Saatnya kita memanggil kembali ingatan kelam ini untuk pembelajaran mencegah pengulangan sejarah. Kecanggihan teknologi dan generasi millenial mesti menjadi kekuatan untuk membangun kesadaran atas ancaman tubuh perempuan dan menyatukan sikap untuk mengakhiri semua tindakan memperalat tubuh perempuan demi kemenangan dan kekuasaan.

Misiyah menekuni isu-isu feminisme selama 20 tahun terakhir dan aktif dalam gerakan perempuan, mengembangkan pemberdayaan perempuan, kepemimpinan perempuan untuk gerakan kesetaraan gender dan perdamaian. Saat ini menjadi direktur Institut KAPAL Perempuan, sebuah organisasi yang fokus pengembangan pendidikan kritis dengan perspektif feminisme dan pluralisme.
Penulis: MisiyahFoto: Misiyah

Dokumentasi Dewi Anggraeni dalam bukunya yang berjudul "Tragedi Mei 1998 dan Lahirnya KOMNAS Perempuan”, mendeskripsikan perkosaan dari kesaksian seorang wartawan yang sampai saat ini tidak pernah menuliskannya karena tidak tega. Pengalaman wartawan ini terjadi sore hari di perempatan Daan Mogot dan jalan lingkar luar banyak massa berkumpul.

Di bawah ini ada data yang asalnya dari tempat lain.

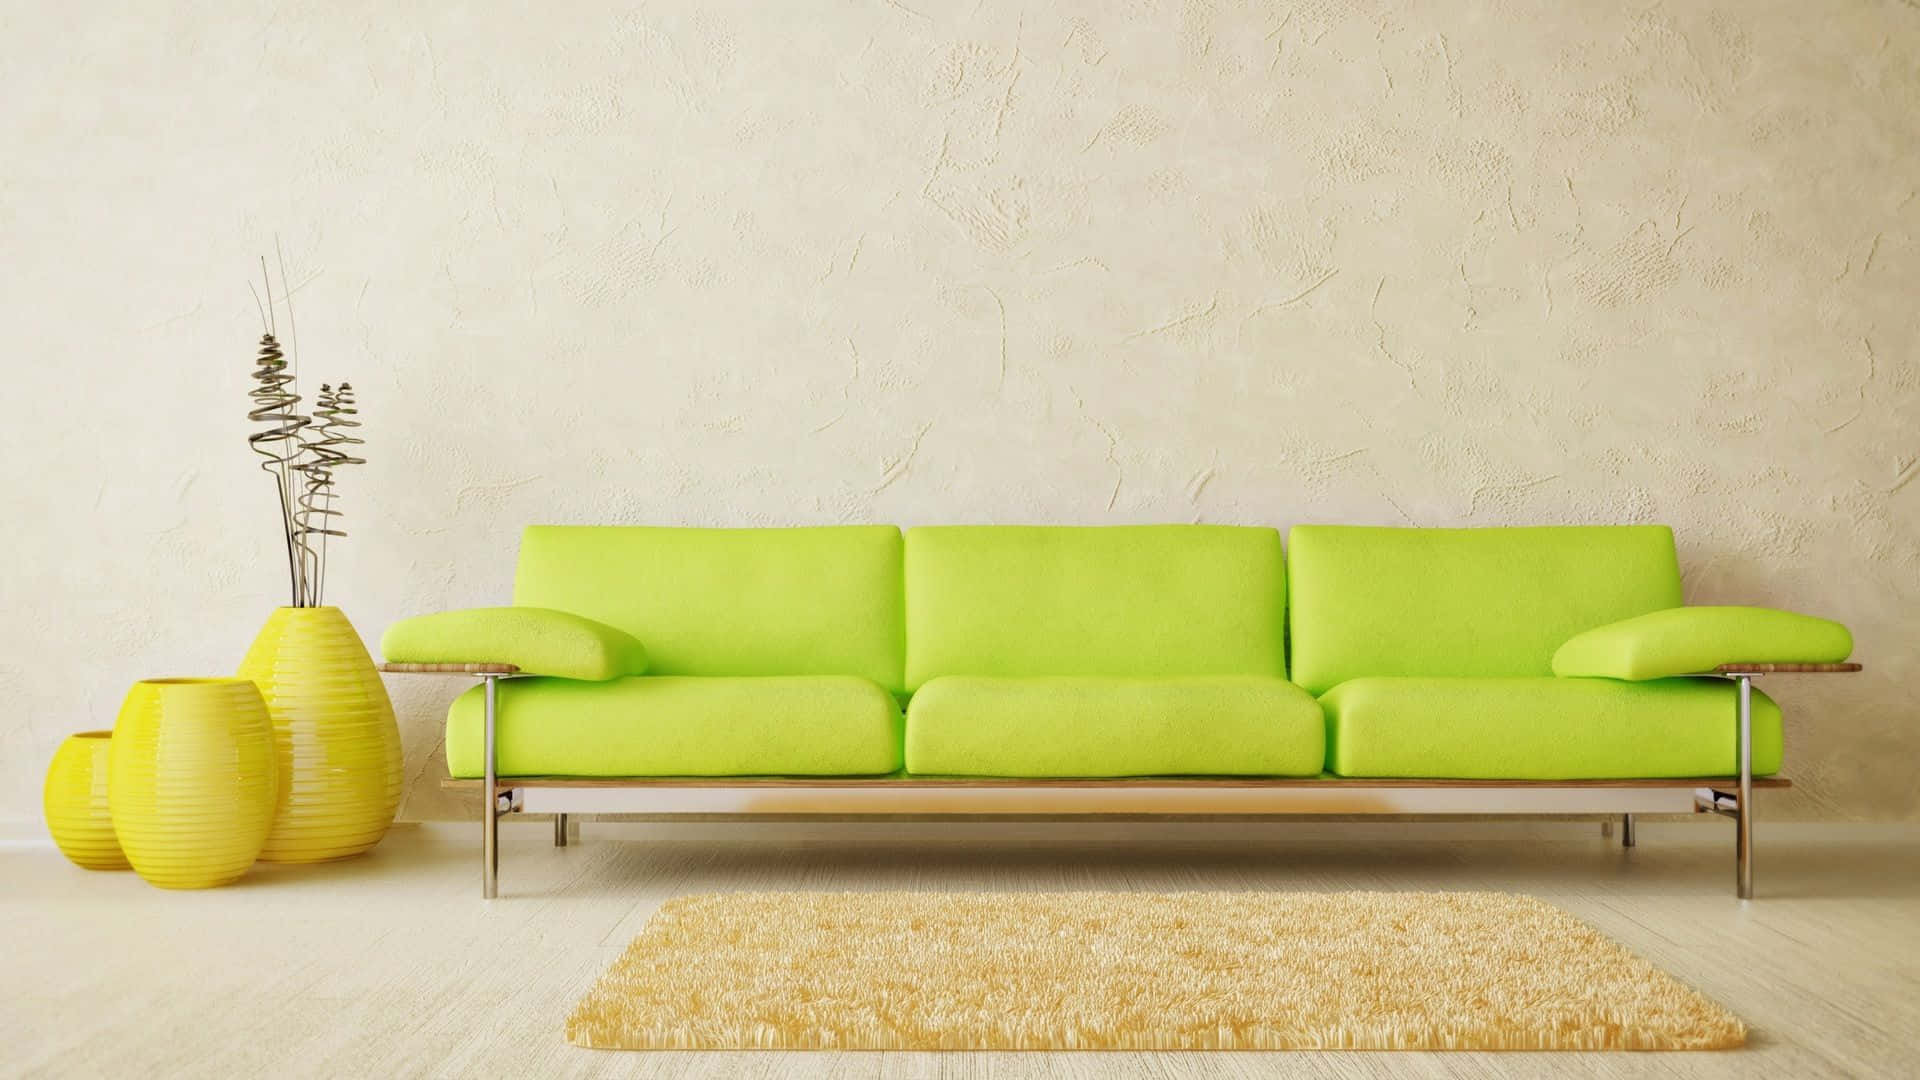 A Bright Green Couch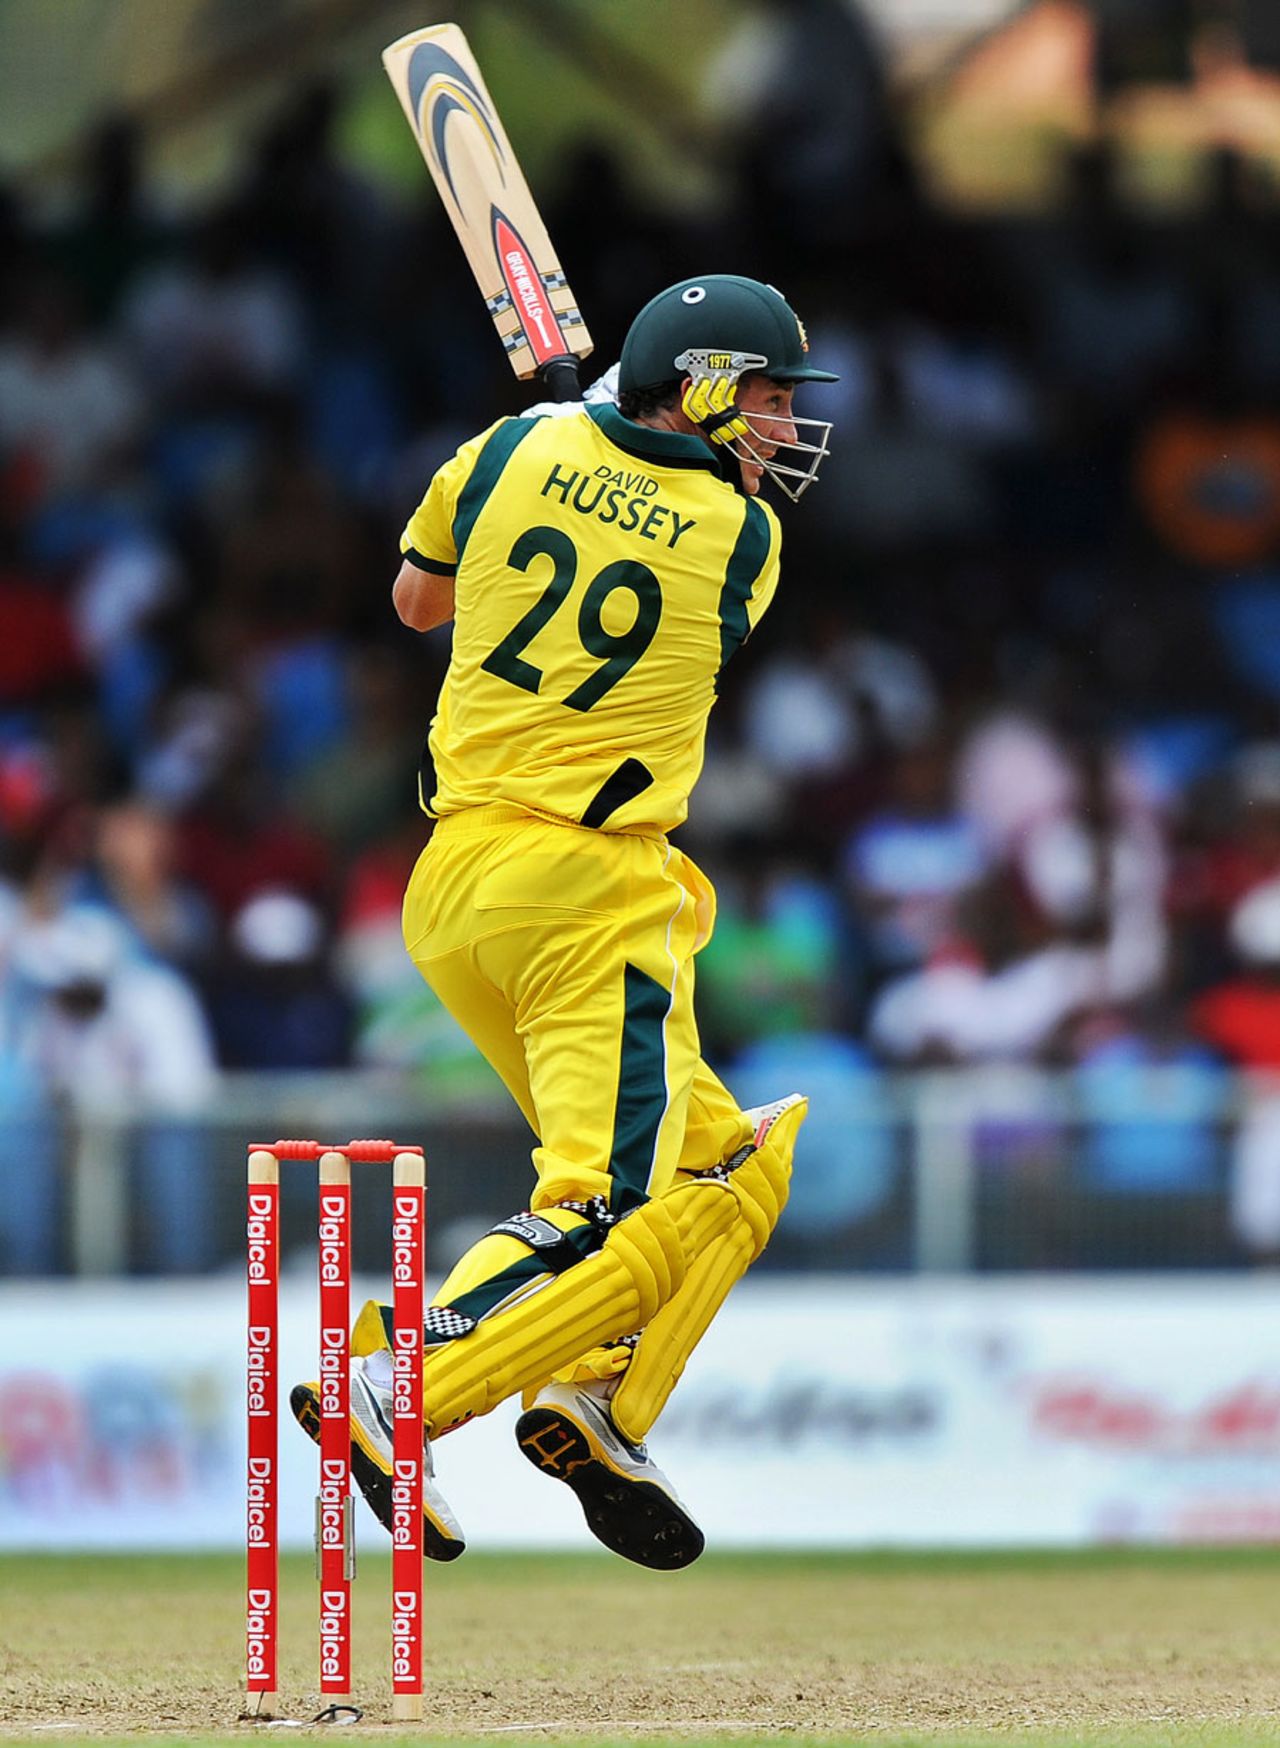 David Hussey tries to provide some impetus for Australia, West Indies v Australia, 2nd ODI, St Vincent, March 18, 2012

Sebuah mobil sedan berjalan pelan dihentikan oleh massa dan meminta dengan setengah paksa agar pengendara dan pengemudinya turun. Mereka adalah dua perempuan muda sekitar 25 tahunan, keturunan Tionghoa. Keduanya ditarik ke arah jembatan Grogol dan ditelanjangi dan menurut sopir mikrolet, keduanya diperkosa di dekat jembatan. Tidak ada warga yang berani menolong karena akan beresiko dihantam atau dipukul. Para saksi mata juga mendapat ancaman dari orang-orang yang tidak dikenalnya bahkan mendapatkan serangan fisik, seperti dilansir harian Kompas tahun 2014 silam.

Kekerasan seksual berupa perkosaan yang dibarengi dengan penganiayaan ini juga banyak dilakukan di dalam rumah korban atau dalam bangunan.  Sebagian besar perkosaan adalah gang rape, dimana korban diperkosa oleh sejumlah orang secara bergantian pada waktu yang sama.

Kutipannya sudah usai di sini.